# Do the Electrons Rotate with a Superconducting Disk?

In a superconductor the electrons can move with respect to the material they are part of without resistance, in a sense without friction. If I have a superconducting disk and I set it to rotating, do the electrons participate in the rotational motion? If so, how is the force transmitted to them?

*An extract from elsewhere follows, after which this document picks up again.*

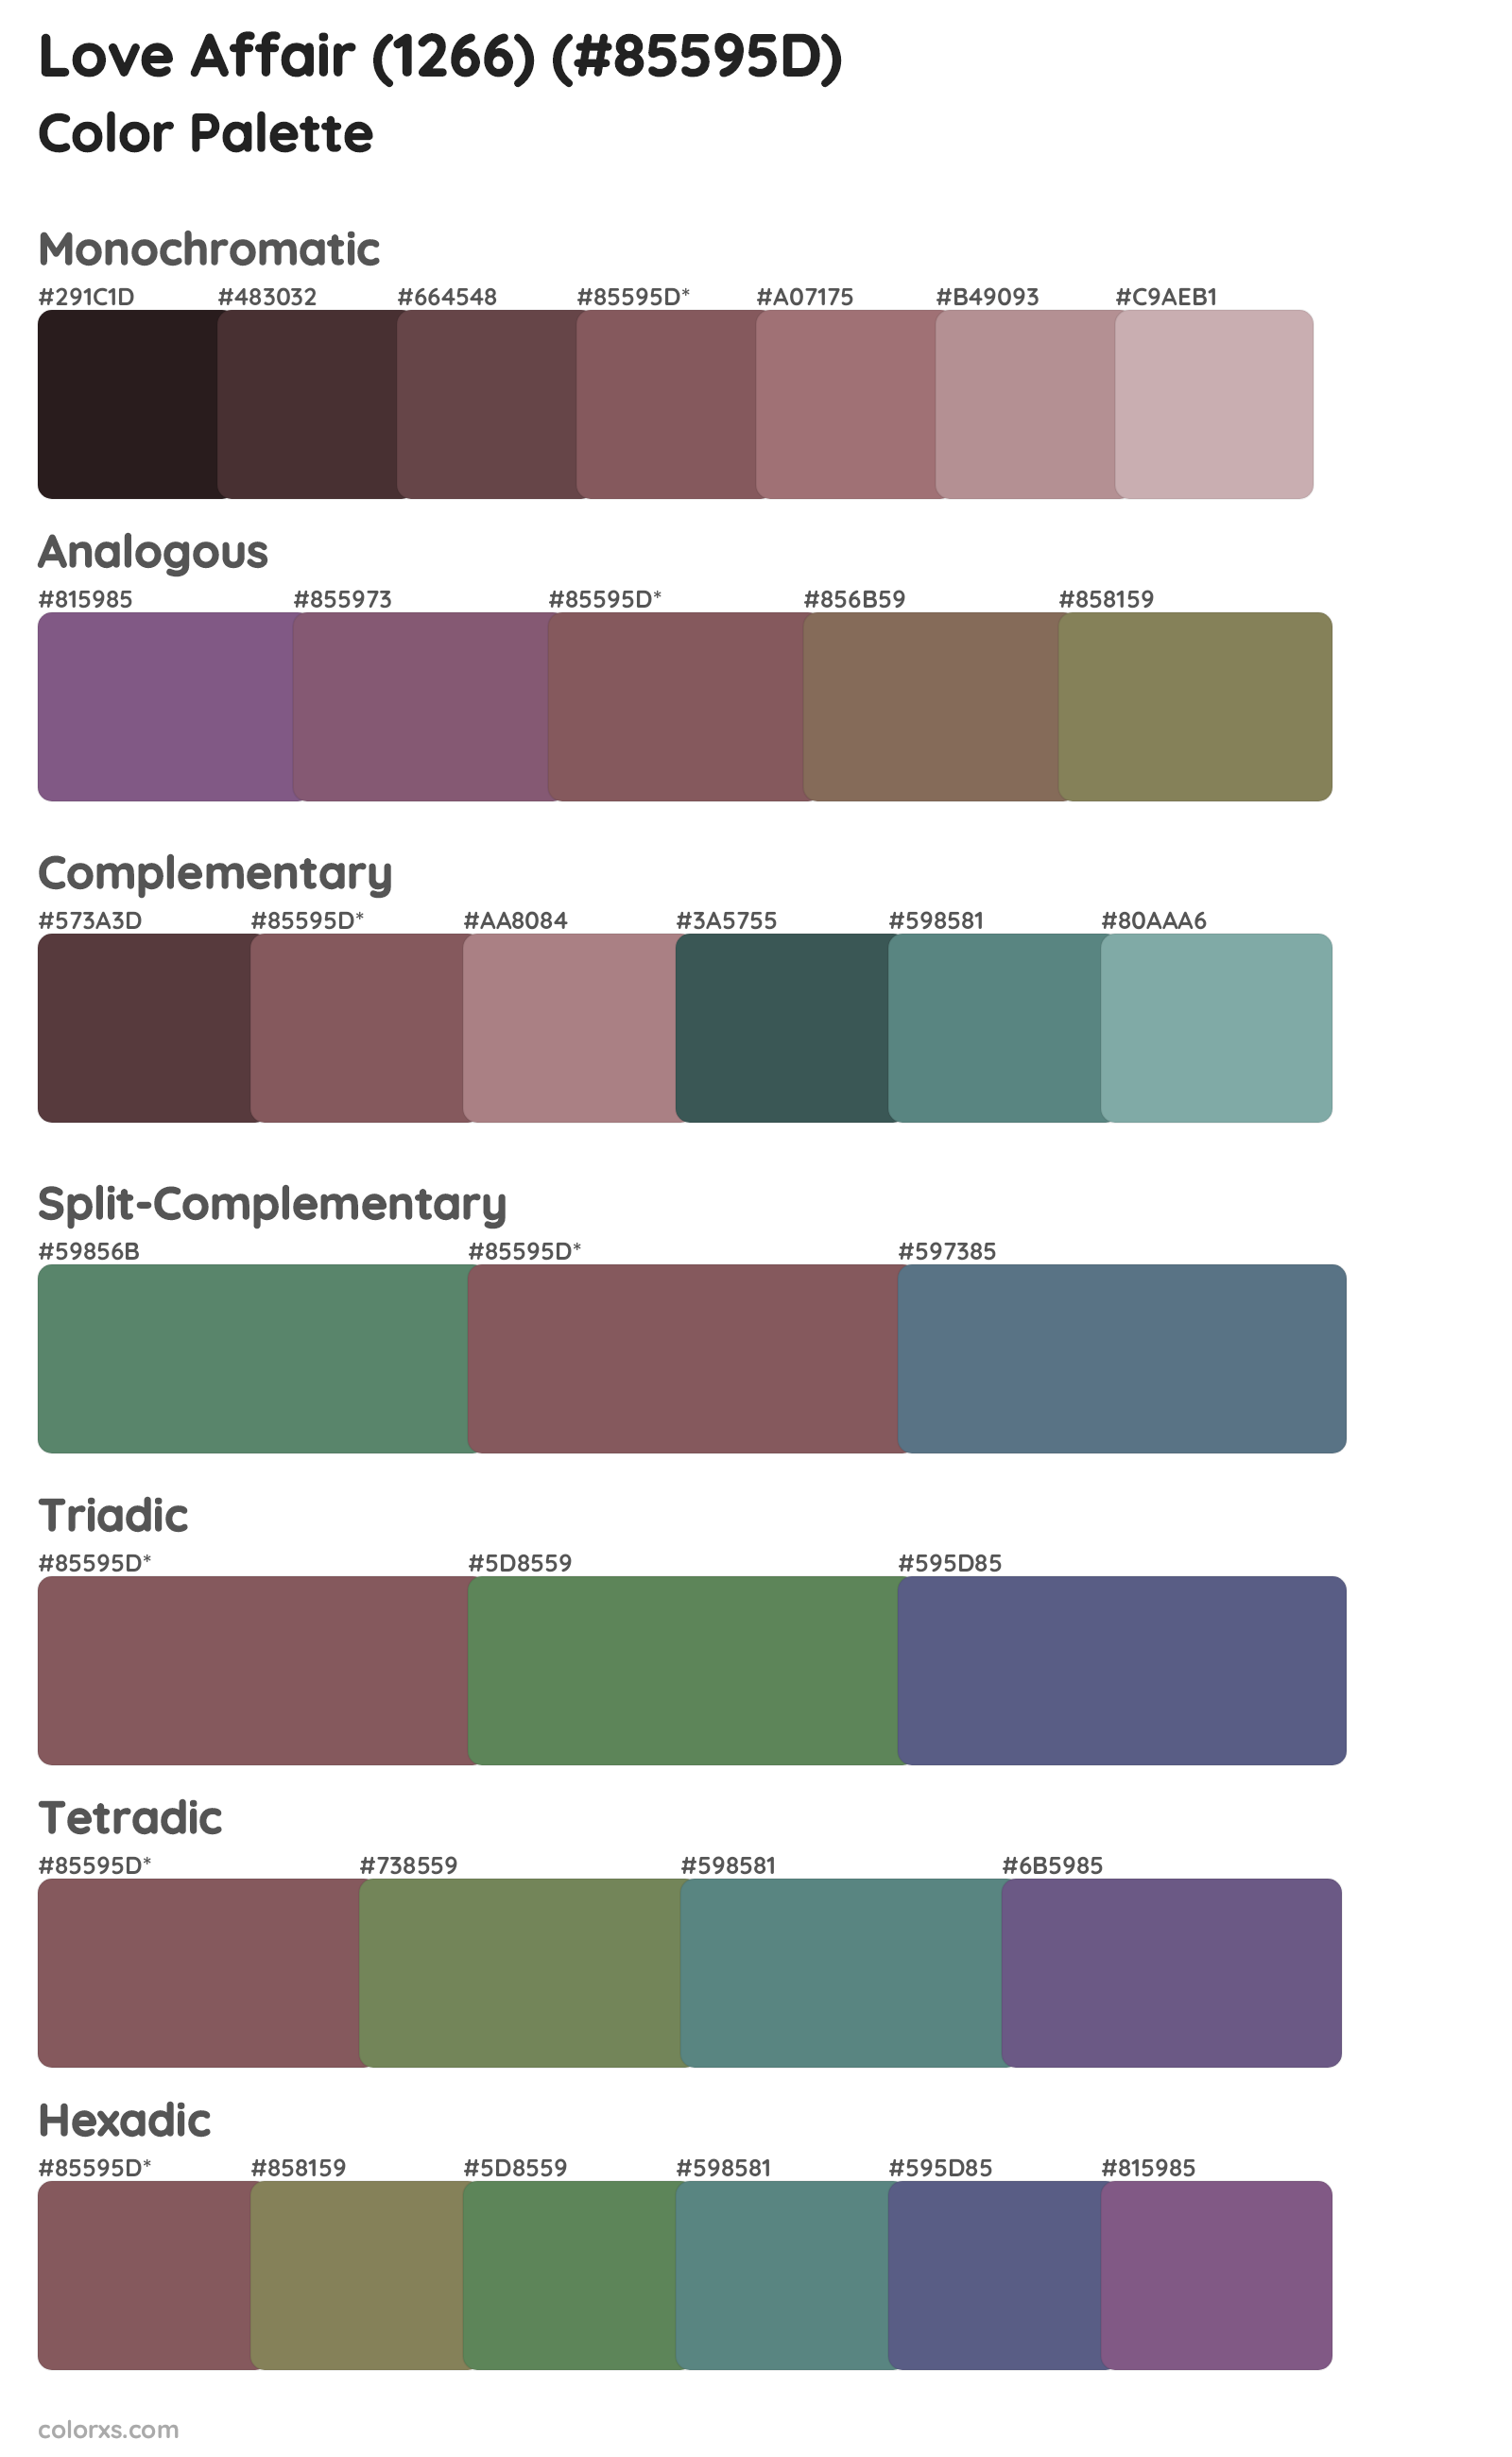 Love Affair (1266) Color Scheme Palettes

• This answer is also relevant. Dec 22, 2017 at 15:56

The key to solving this problem is recognizing that the amount of current produced by even a small rotating disk where the free electrons aren't moving would be astounding. Suppose there was only one free superconducting electron per $100$ nucleons. In a superconductor with $0.01\operatorname{moles}$ of atoms in it, there will be about $6\times 10^{21}$ free electrons, giving a disk with about $10^5 \operatorname{C}$ of charge. Even a tiny rate of rotation would produce a staggering current.
Importantly, the process of accelerating the positively charged disk by an infinitesimal amount would produce a magnetic field of a rotating charged disk. That infinitesimal change in the magnetic field will produce an electric field of similar magnitude by one of Maxwell's equations: $$\nabla \times \mathbf{E} = - \frac{\partial \mathbf{B}}{\partial t}.$$ Examining the direction of the electric field reveals that it points in precisely the direction needed to exert a torque on the free electrons, spinning them up with the disk.